Loan Calculator
Calculate monthly payments, total interest, and amortization for any loan type.
Monthly Payment
$512.91
Personal Loan
Loan Summary
Principal vs Interest
Amortization Schedule
| Year | Principal | Interest | Remaining |
|---|---|---|---|
| 1 | $4,191 | $1,964 | $20,809 |
| 2 | $4,561 | $1,594 | $16,248 |
| 3 | $4,964 | $1,191 | $11,284 |
| 4 | $5,403 | $752 | $5,881 |
| 5 | $5,881 | $274 | $0 |
For informational purposes only. Not financial advice. Consult a qualified advisor.
How to Use This Loan Calculator
This loan calculator makes it easy to estimate your monthly payment and total borrowing costs for any type of installment loan. Whether you are financing a car, consolidating debt, or funding an education, follow these steps for an accurate estimate.
Step 1: Enter your loan amount. Type the total amount you plan to borrow. This is the principal balance before any interest is added. For auto loans, this is typically the vehicle price minus your down payment and trade-in value.
Step 2: Set the interest rate and loan term. Enter the annual interest rate from your lender. Then specify the repayment period in either months or years using the toggle. Common terms range from 12 months for small personal loans to 7 years for auto loans.
Step 3: Select your loan type and review results. Choose the loan category that matches your needs. The calculator instantly displays your monthly payment, total payment, total interest, projected payoff date, and a complete amortization schedule.
How Loan Payments Are Calculated
Loan payments are determined using the standard amortization formula. The formula takes your loan amount (principal), divides it by the present value of an annuity factor based on your interest rate and number of payments. Each monthly payment covers a portion of interest on the remaining balance plus a portion of principal repayment.
Early in the loan, a larger share of each payment goes toward interest because the outstanding balance is highest. As you make payments and reduce the principal, more of each subsequent payment is applied to the balance. The amortization schedule in this calculator shows this progression year by year so you can see how your debt decreases over time.
The total interest you pay depends on three factors: the loan amount, the interest rate, and the loan term. A larger loan at a higher rate over a longer period results in significantly more interest. Use this calculator to experiment with different combinations and find the right balance between affordable monthly payments and minimal total cost.
Tips for Getting the Best Loan Terms
- Shop around and compare rates. Different lenders offer different rates and terms. Get pre-qualified with multiple lenders including banks, credit unions, and online platforms. Comparing at least three offers helps ensure you get the most competitive deal available for your credit profile.
- Improve your credit before applying.

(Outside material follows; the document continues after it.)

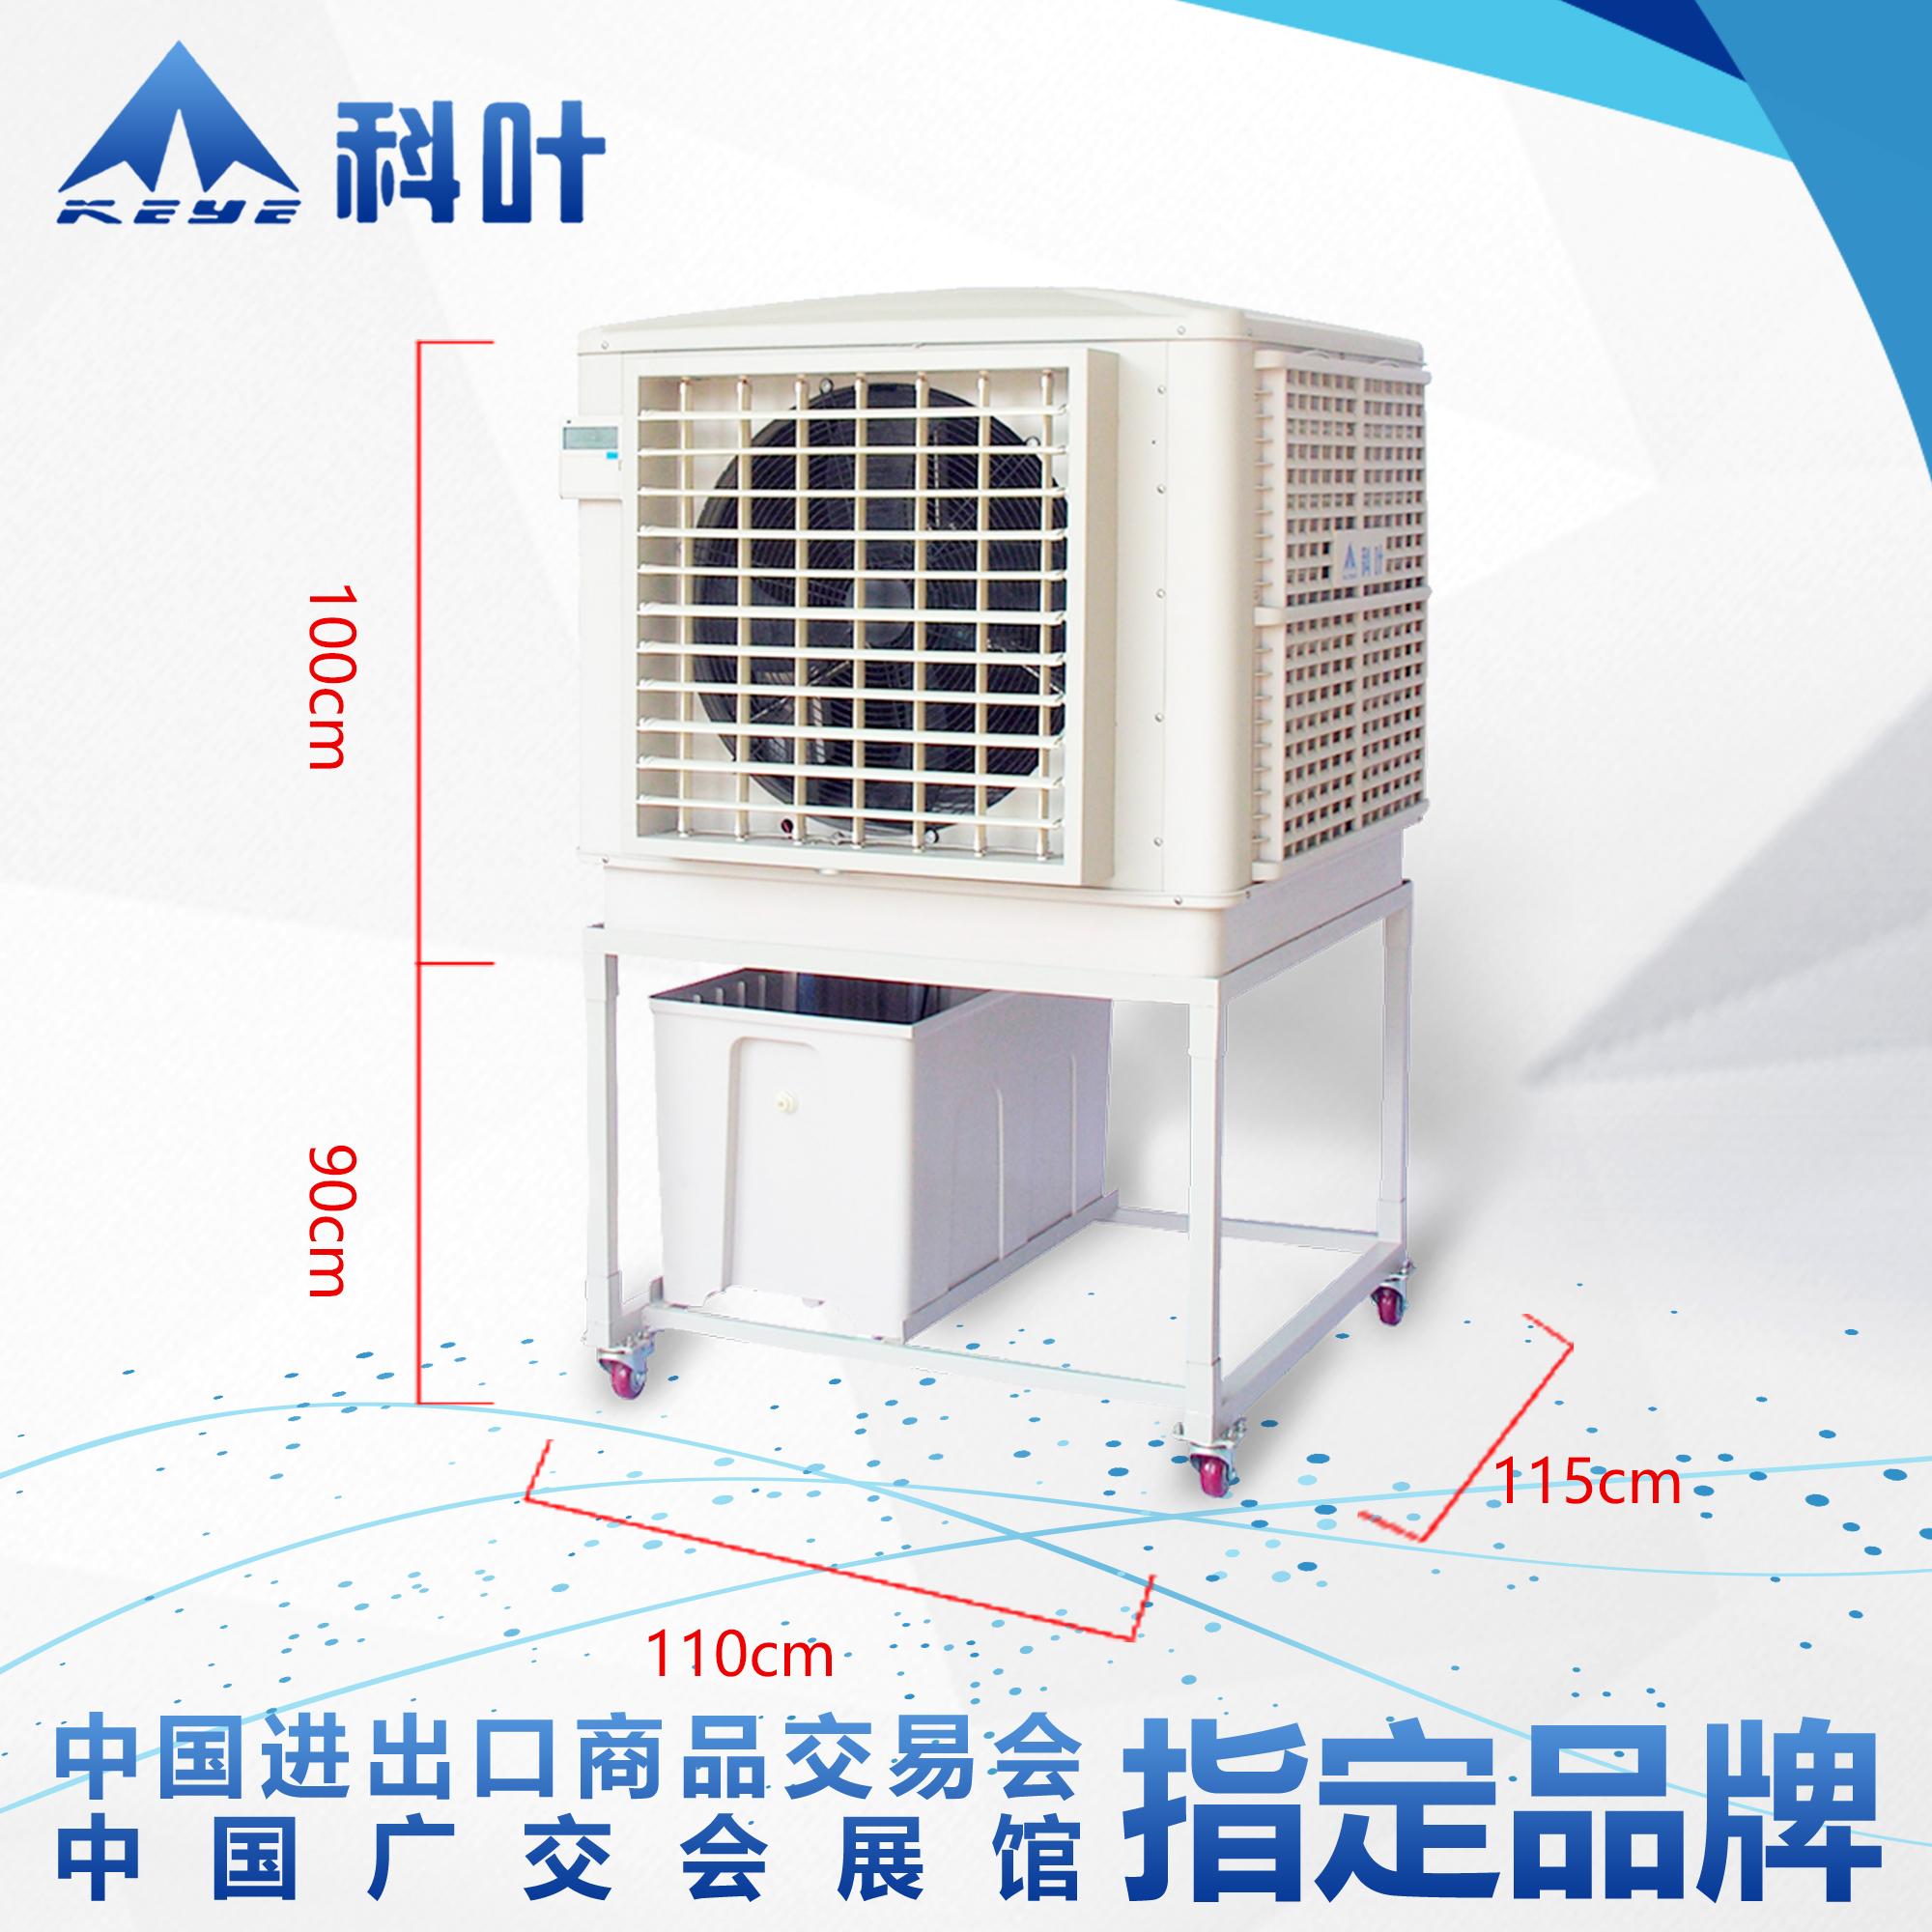 Jiuzhou Pratt & Whitney κινητών εξατμιστικές κλιματιστικά ανεμιστήρα ψύξης κλιματισμού τμήμα ZC/BP-18Y φύλλα, προστασία του περιβάλλοντος

Even a small improvement in your credit score can lower your interest rate by a full percentage point or more. Pay down existing balances, dispute any errors on your credit report, and avoid opening new accounts before applying for a loan.
- Choose the shortest term you can afford. While longer terms reduce monthly payments, they dramatically increase total interest costs. A $25,000 loan at 8% for 3 years costs about $3,200 in interest, while the same loan over 7 years costs nearly $7,700. Choose the shortest comfortable term.
- Consider making extra payments. Even small additional payments toward principal can significantly reduce your total interest and shorten the loan term. Some people round up their payment, make biweekly payments, or contribute windfalls like tax refunds to accelerate payoff.
- Watch out for hidden fees. Origination fees, prepayment penalties, and late payment charges can add substantial costs to your loan. Read the fine print and ask lenders about all fees before signing. A loan with a slightly higher rate but no fees may cost less overall.